Although the 32-bit version of Windows can support up to 64 GB of physical memory (as shown in Table 2-2 in Part 1), each 32-bit user process has by default only a 2-GB virtual address space. (This can be configured up to 3 GB when using the increaseuserva BCD option, described in the upcoming section User Address Space Layout.) An application that needs to make more than 2 GB (or 3 GB) of data easily available in a single process could do so via file mapping, remapping a part of its address space into various portions of a large file. However, significant paging would be involved upon each remap.

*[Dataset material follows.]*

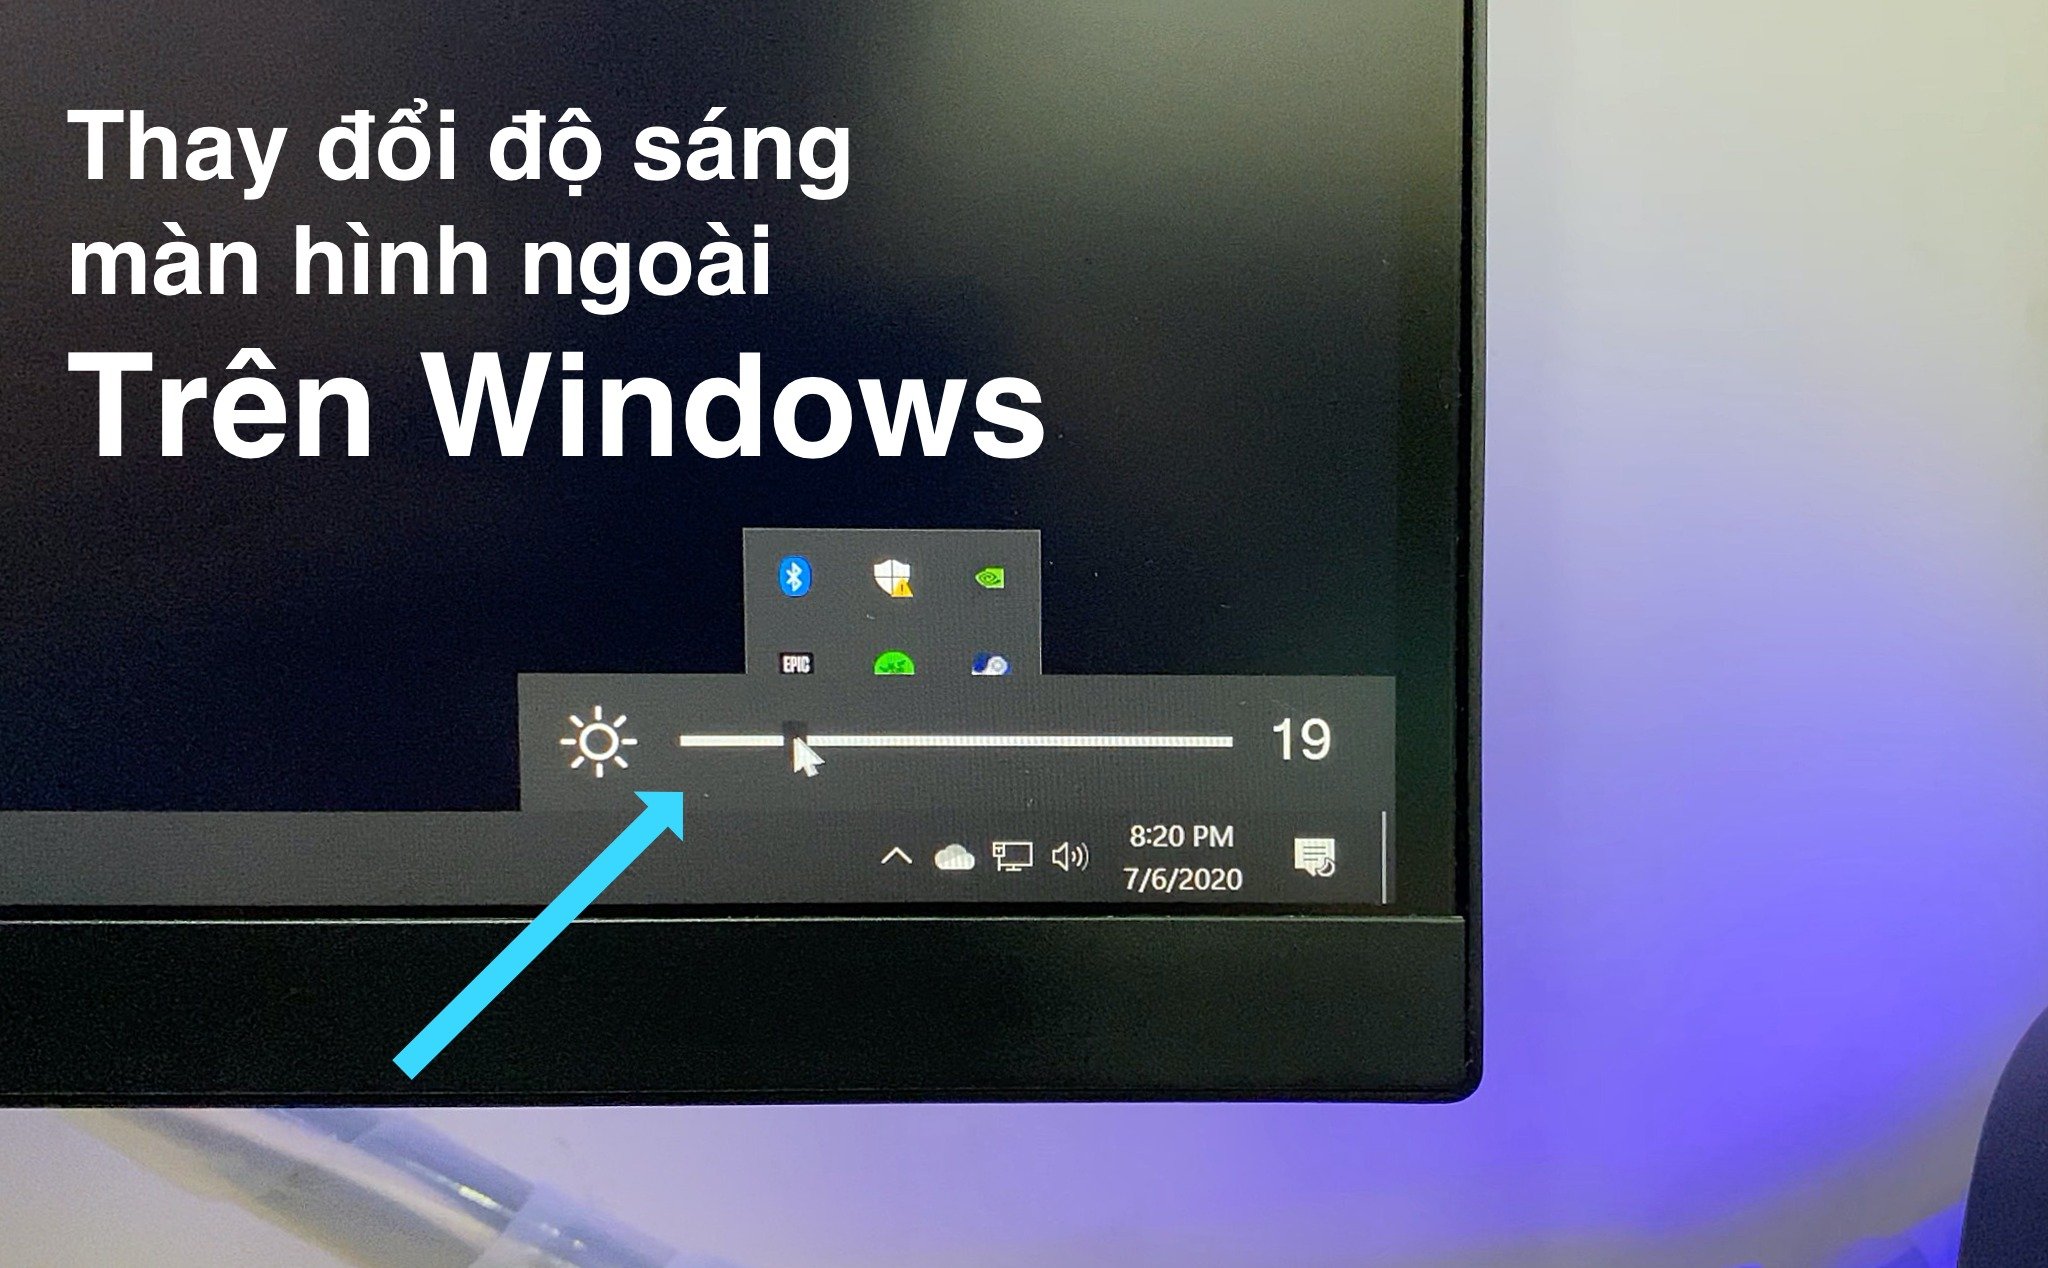 Windows: Chỉnh độ sáng màn hình ngoài bằng phần mềm trên máy thay vì bấm nút trên màn hình

For higher performance (and also more fine-grained control), Windows provides a set of functions called Address Windowing Extensions (AWE). These functions allow a process to allocate more physical memory than can be represented in its virtual address space. It then can access the physical memory by mapping a portion of its virtual address space into selected portions of the physical memory at various times.

Allocating and using memory via the AWE functions is done in three steps:

Allocating the physical memory to be used. The application uses the Windows functions AllocateUserPhysicalPages or AllocateUserPhysicalPagesNuma. (These require the Lock Pages In Memory user right.)
Creating one or more regions of virtual address space to act as windows to map views of the physical memory. The application uses the Win32 VirtualAlloc, VirtualAllocEx, or VirtualAllocExNuma function with the MEM_PHYSICAL flag.
The preceding steps are, generally speaking, initialization steps. To actually use the memory, the application uses MapUserPhysicalPages or MapUserPhysicalPagesScatter to map a portion of the physical region allocated in step 1 into one of the virtual regions, or windows, allocated in step 2.

Figure 10-5 shows an example. The application has created a 256-MB window in its address space and has allocated 4 GB of physical memory (on a system with more than 4 GB of physical memory). It can then use MapUserPhysicalPages or MapUserPhysicalPagesScatter to access any portion of the physical memory by mapping the desired portion of memory into the 256-MB window. The size of the application’s virtual address space window determines the amount of physical memory that the application can access with any given mapping. To access another portion of the allocated RAM, the application can simply remap the area.

The AWE functions exist on all editions of Windows and are usable regardless of how much physical memory a system has. However, AWE is most useful on 32-bit systems with more than 2 GB of physical memory because it provides a way for a 32-bit process to access more RAM than its virtual address space would otherwise allow. Another use is for security purposes: because AWE memory is never paged out, the data in AWE memory can never have a copy in the paging file that someone could examine by rebooting into an alternate operating system. (VirtualLock provides the same guarantee for pages in general.)

Finally, there are some restrictions on memory allocated and mapped by the AWE functions:

Pages can’t be shared between processes.
The same physical page can’t be mapped to more than one virtual address in the same process.
Page protection is limited to read/write, read-only, and no access.

Figure 10-5. Using AWE to map physical memory

AWE is less useful on x64 or IA64 Windows systems because these systems support 8 TB or 7 TB (respectively) of virtual address space per process, while allowing a maximum of only 2 TB of RAM. Therefore, AWE is not necessary to allow an application to use more RAM than it has virtual address space; the amount of RAM on the system will always be smaller than the process virtual address space. AWE remains useful, however, for setting up nonpageable regions of a process address space. It provides finer granularity than the file mapping APIs (the system page size, 4 KB or 8 KB, versus 64 KB).

For a description of the page table data structures used to map memory on systems with more than 4 GB of physical memory, see the section Physical Address Extension (PAE).